I am a computational fluid dynamicist with rich industrial and academic experience in diverse fluid mechanics and heat transfer problems. Throughout my research and development career, I have utilized a variety of CFD tools (commercial CFD codes such as StarCCM+ and in-house CFD codes such as Lattice Boltzmann code, JHU’s LES code, and MIT’s general circulation code) to explore a wide range of complex fluid dynamics problems.

My current research activities are industry-focused aiming to develop high-fidelity process-simulation tools to capture multi-scale, multi-physics processes occurring in the autoclave and out-of-autoclave environments that are widely used in aircraft structure manufacturing industries, and phase transformation processes occurring in the quenching of aerospace aluminimum forging parts. My responsibilities include developing CFD models to capture complex fluid physics, analyzing results, collaborating with experimentalists to design test cases, identifying and rectifying design issues and making design recommendations, validating against benchmark problems as well as test data, writing technical reports and papers, and conducting team meetings within the company and with external collaborators. The SBIR-sponsored research projects I am involved in are in collaboration with various academic and industry partners sponsored by the program.

My past academic experiences cover a broad spectrum of research fields related to mechanical engineering and physical oceanography. My work explored the physics of boundary layer turbulent processes in the ice-free/ice-aware upper ocean and atmospheric surface layer and in developing parameterization schemes for climate models to improve the predictability of Earth’s environment. Earth's geophysical fluid dynamical processes have length scales and time scales that span over several orders of magnitude, and all of these processes in all scales can interact with each other, making this a challenging system to solve. At the University of Washington-Seattle, my work was focused on understanding the interactions between sea ice and submesoscale ocean variability. I used ocean-ice models to design idealized high-resolution numerical experiments to explore the underlying physics and devise parameterizations relevant to improving the predictive capabilities of the models of the rapidly changing polar regions. At UT Dallas, my research focussed on understanding the kinematic characteristics of Langmuir turbulence in coastal zones and developing theoretical models to assess the coherence and strength of coastal Langmuir Circulations. My research efforts at Lille 1 University, France contributed to the development of three-dimensional Lattice Boltzmann code to study convective, turbulent flows.

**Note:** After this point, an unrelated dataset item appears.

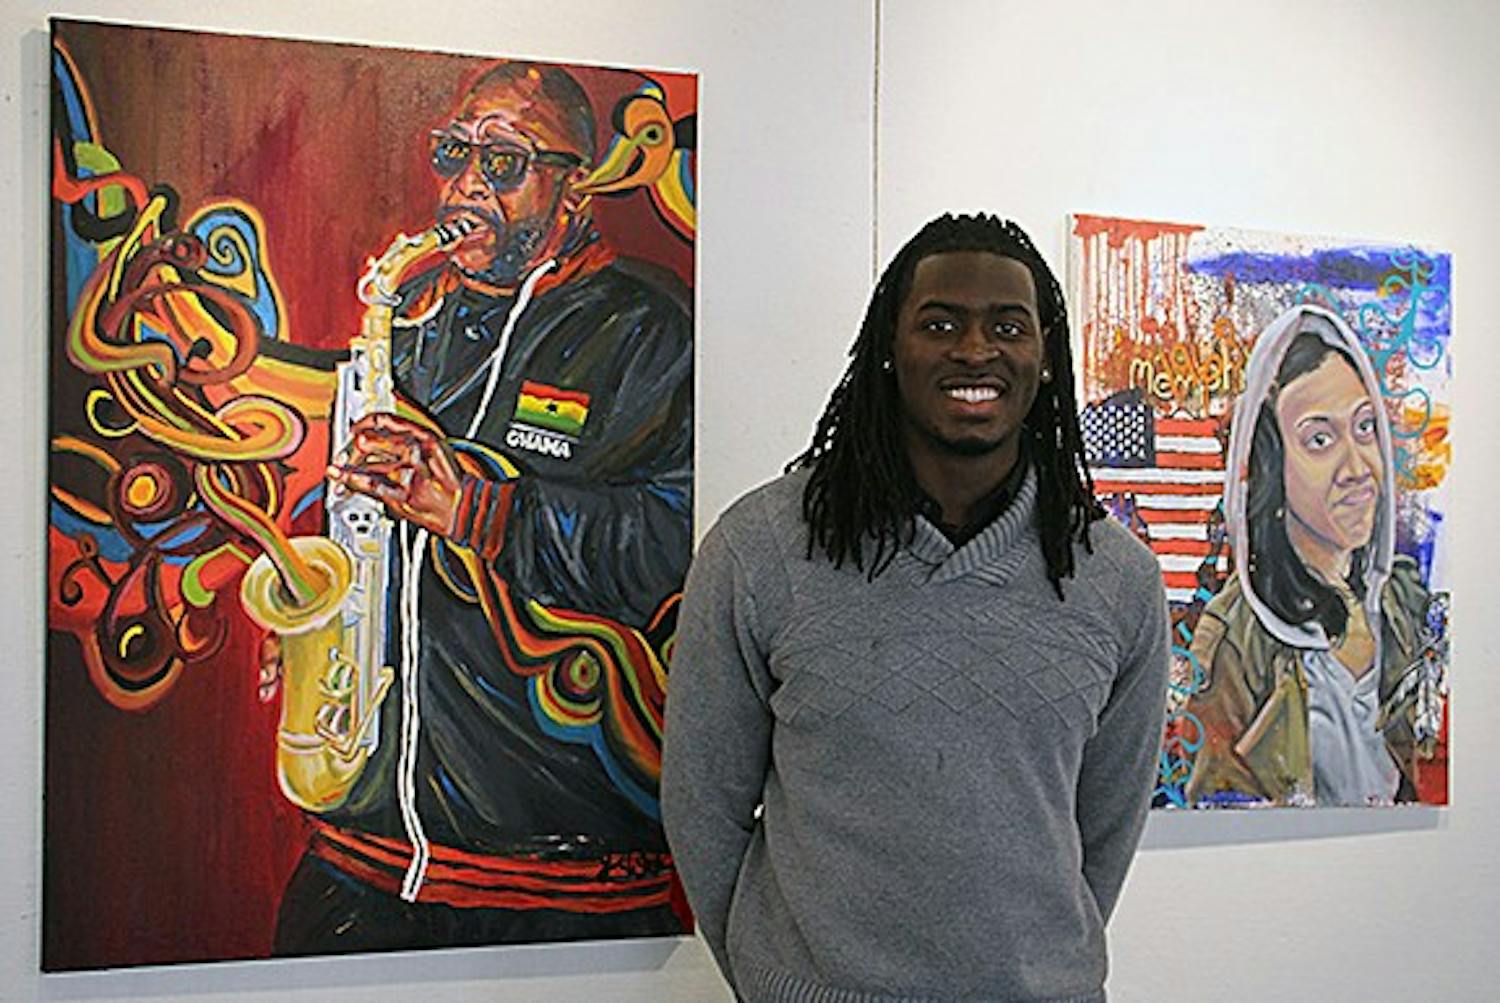 Lamar Whidbee, a graduate of NC Central University and originally from Elizabeth City, currently has art on display in the Union Gallery exhibit 'Black Like Me' along with other community artists, including UNC artist Will Thomas. 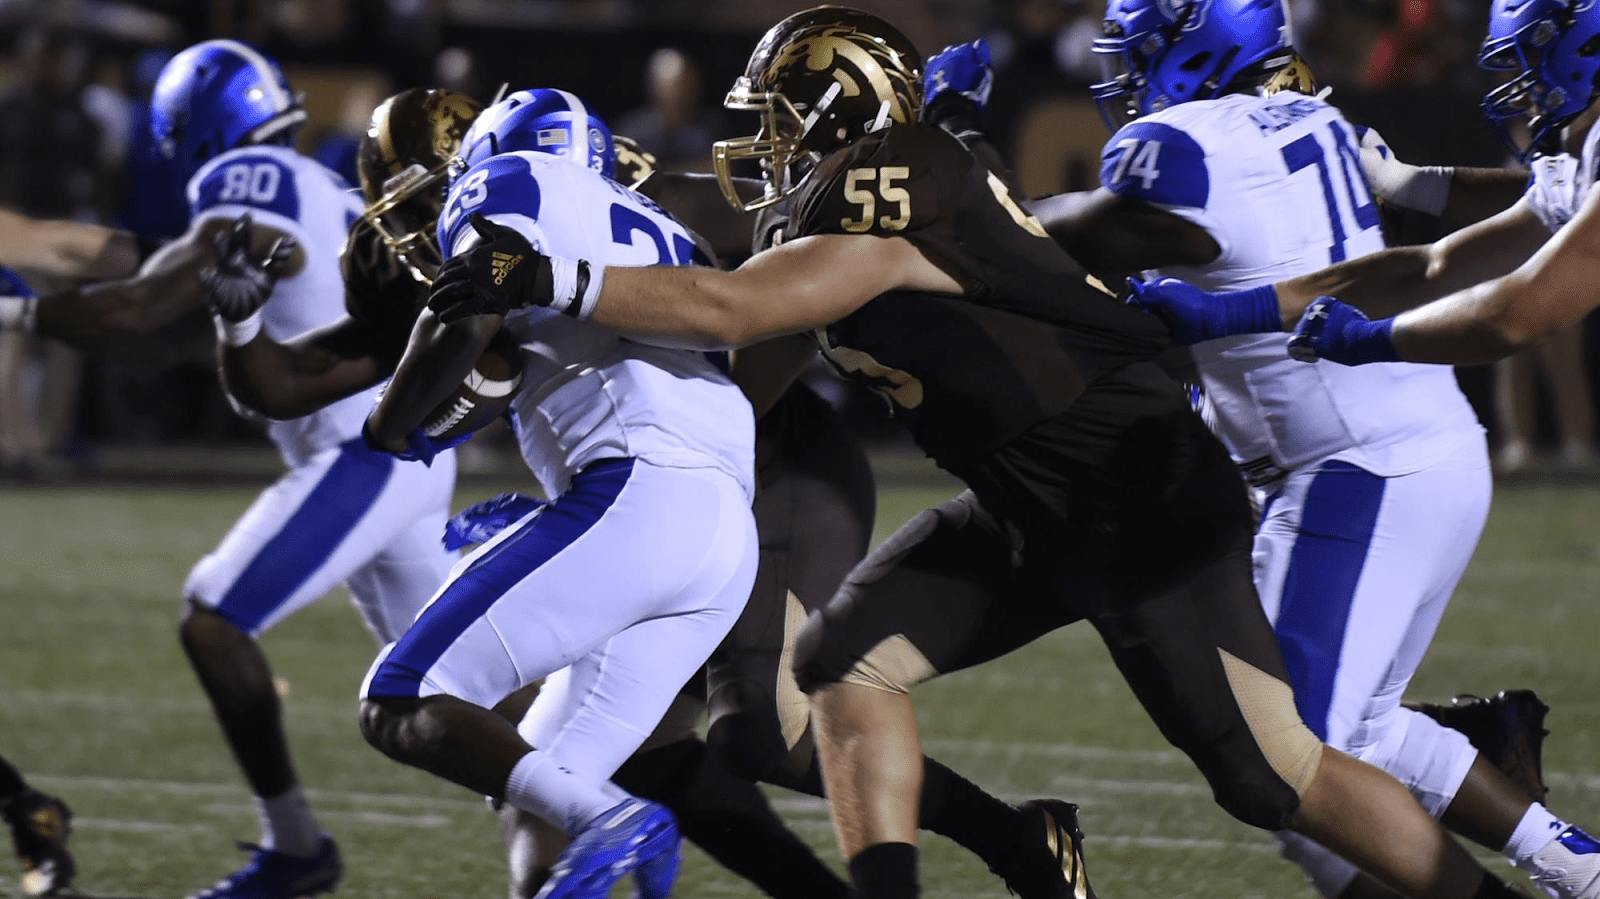 Braden Fiske is a strong, versatile member of Western Michigan's defensive line. Hula Bowl scout Jake Kernen breaks down Fiske's strengths and weaknesses in this article.

1. Submesoscale-Induced Basal Melting of Ice Shelf Cavities in Polar Regions


Several ice shelves in the Arctic’s and Antarctica’s coastlines have dramatically collapsed in very recent times (e.g. Brunt Ice Shelf - February 26, 2021; Milne Ice Shelf -August 4, 2020; Pine Island Glacier - February 2020, etc.). Such events can result in global sea level rise (around 0.24 inches rise was recorded from just 2018 to 2019) and pose an increased threat to the world’s coastal population. For an accurate assessment of ocean-forced glacier mass loss, global ocean models need to incorporate all key processes that bring heat toward the ice shelf base and enhance melting. Coarse-resolution climate projection models may be under-representing one of the key influences from the ocean eddies of a few km in size. In this study, we provide an argument that the effect of those eddies is significant and needs to be accounted for more accurate predictions of ice shelf basal melting and future projections of global sea level rise.

Ice shelf cavities in the Antarctica region highlighting highest basal melting near the grounding line


2. Physical Processes In The Upper Ocean

Earth's climate and ecosystem are mainly governed by three components: ocean, atmosphere, and sea ice, and the coupled interactions between them. Each of these components is comprised of a large number of physical, chemical, and biological processes with length scales and time scales varying over several orders of magnitude, and all these processes in all scales interact with each other. Thus, the Earth system is a non-linear, complex, gigantic problem to solve. One of the viable research techniques to address such a problem is the global climate model (GCM), where the Earth system processes are represented with mathematical equations and computationally solved using supercomputers. The equations are solved in a 3D grid of cells that cover the Earth's surface. Hence, it is easy to understand that the processes larger than the model grid size are fully resolved, and the subgrid-scale processes need to be parameterized. 

Ocean surface mixed layer acts as a gateway between the atmosphere, sea ice, and ocean interior, mediating the exchange of heat, mass, momentum, and other tracers, and thus plays a crucial role in global climate. My research is focused on two of the most important surface mixed layer processes: (1) Ocean boundary layer phenomenon called Langmuir Circulations (2) Submesoscale mixed layer restratification. Since both of these processes are typically smaller than the GCM model resolution in terms of length scales, thus I am interested in exploring their underlying physics and developing/improving parameterization schemes for climate models. 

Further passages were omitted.